For a book project, I'm trying to find out if the SS Kowarra of Australia's Howard Smith Line (built 1916 in Sunderland, UK, and sunk in 1943 by the Japanese sub I-26) was of the same design as the vessels built in the United States during World War I as "Laker" cargo vessels. The design originated in Europe as the "Frederickstad" design, and was built both in the UK and US. I'm also interested in learning the ship's history before her arrival in Australia c. 1919.
Please feel free to contact me directly if you have any details.
Cheers


----------



## Dulcibella (Mar 7, 2008)

*S.S. Kowarra*

Steve:

The following website might interest you:

http://cas.awm.gov.au/photograph/303501

Dulcibella


----------



## melliget (Dec 3, 2006)

Steve.

I can't answer your question, sorry, but noticed that there are some do***ents (24 to be precise) on the KOWARRA held by the NAA.

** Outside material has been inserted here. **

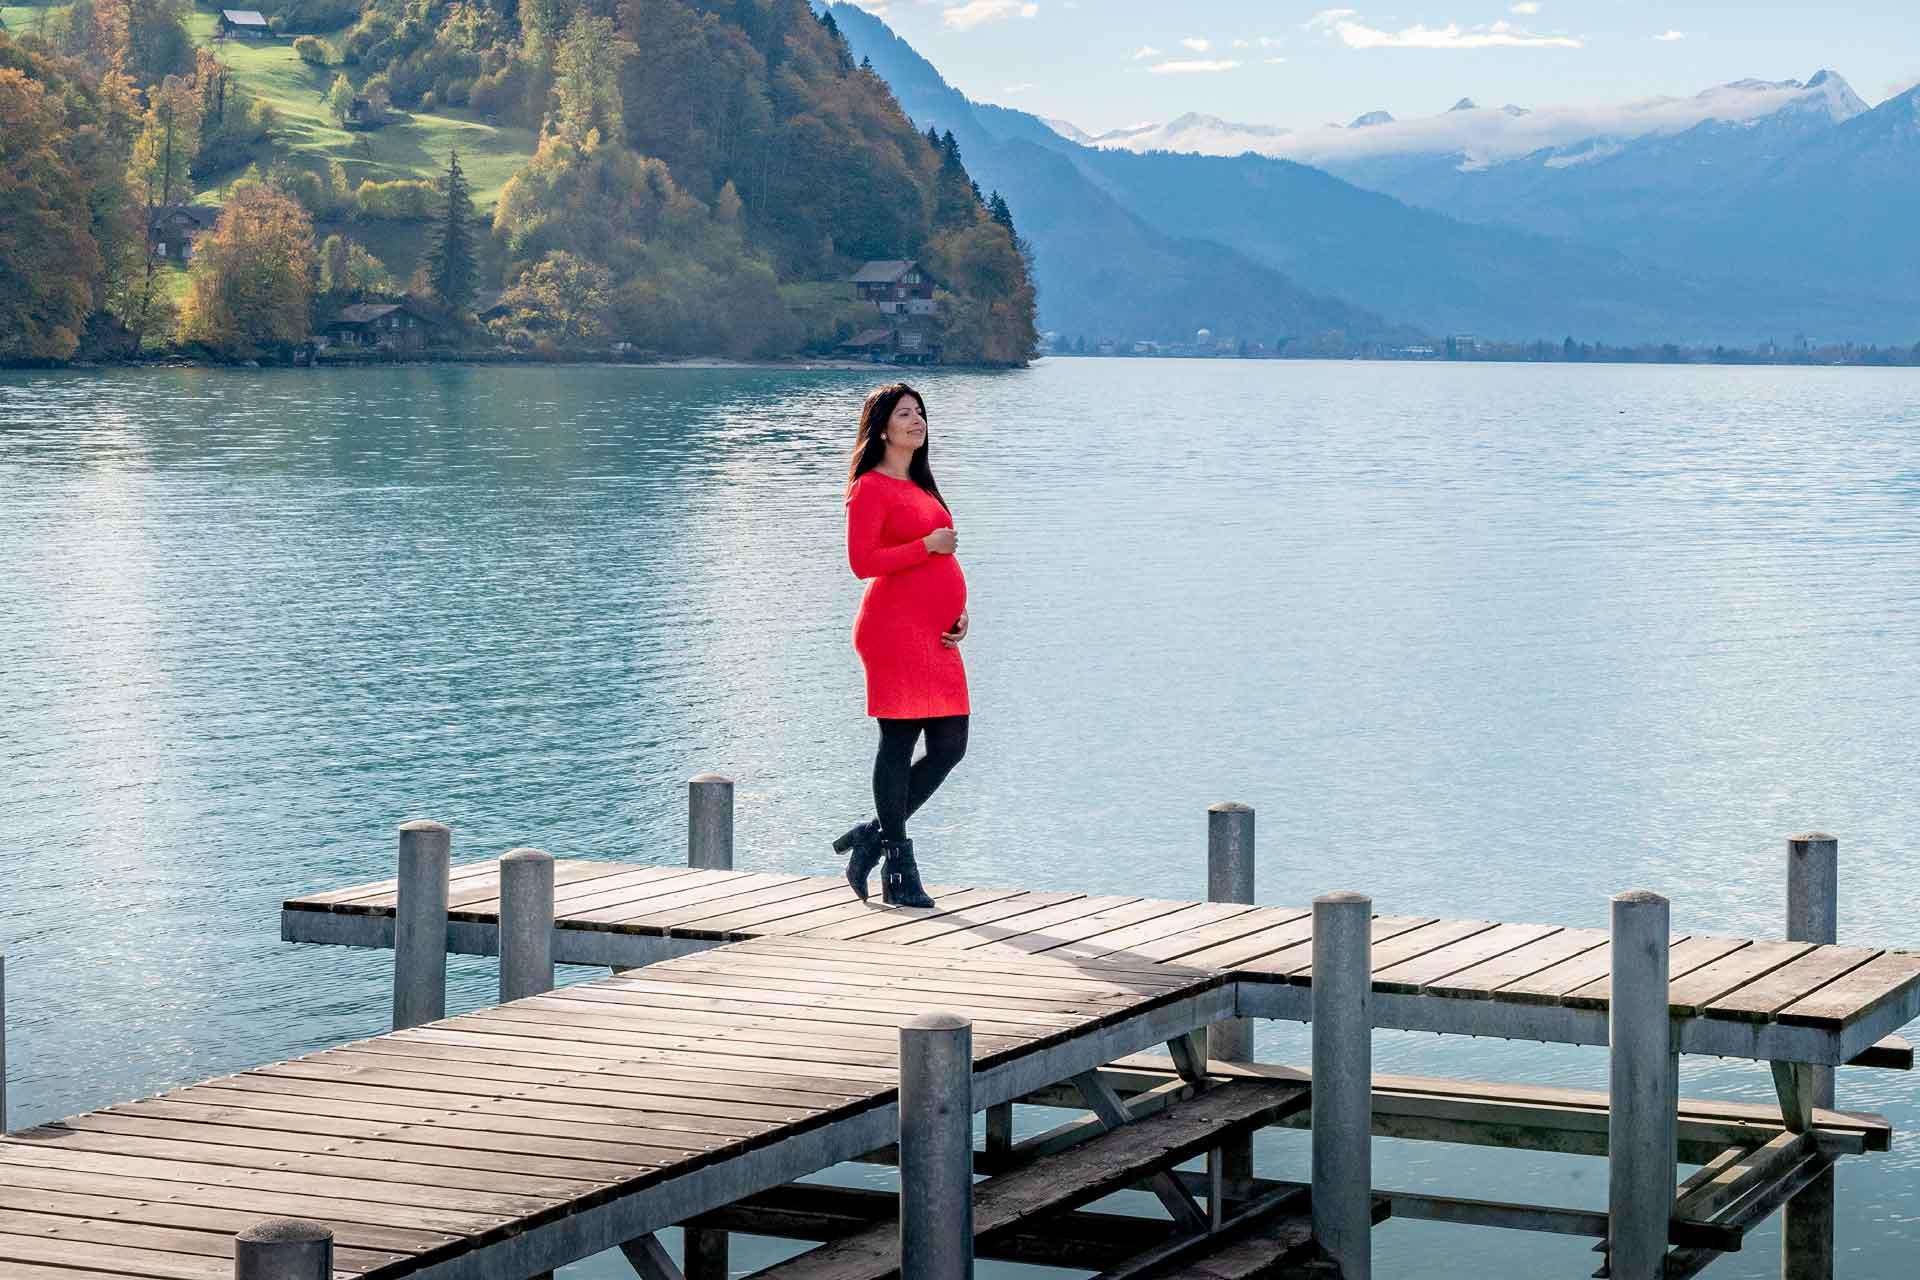 Maternity photo shoot in Switzerland

Sadly no ship plans, that may have helped you with your question on the design, but somes are of DEMS mods. Wonder if any of those might contain something useful? Only one do***ent (7 pages) is already scanned:

SS "Kowarra" - Sinking of by Japanese Submarine

Apart from the photo mentioned by Dulcibella, Picture Australia locates three others (SLV) though they are not of great quality.

regards,
Martin


----------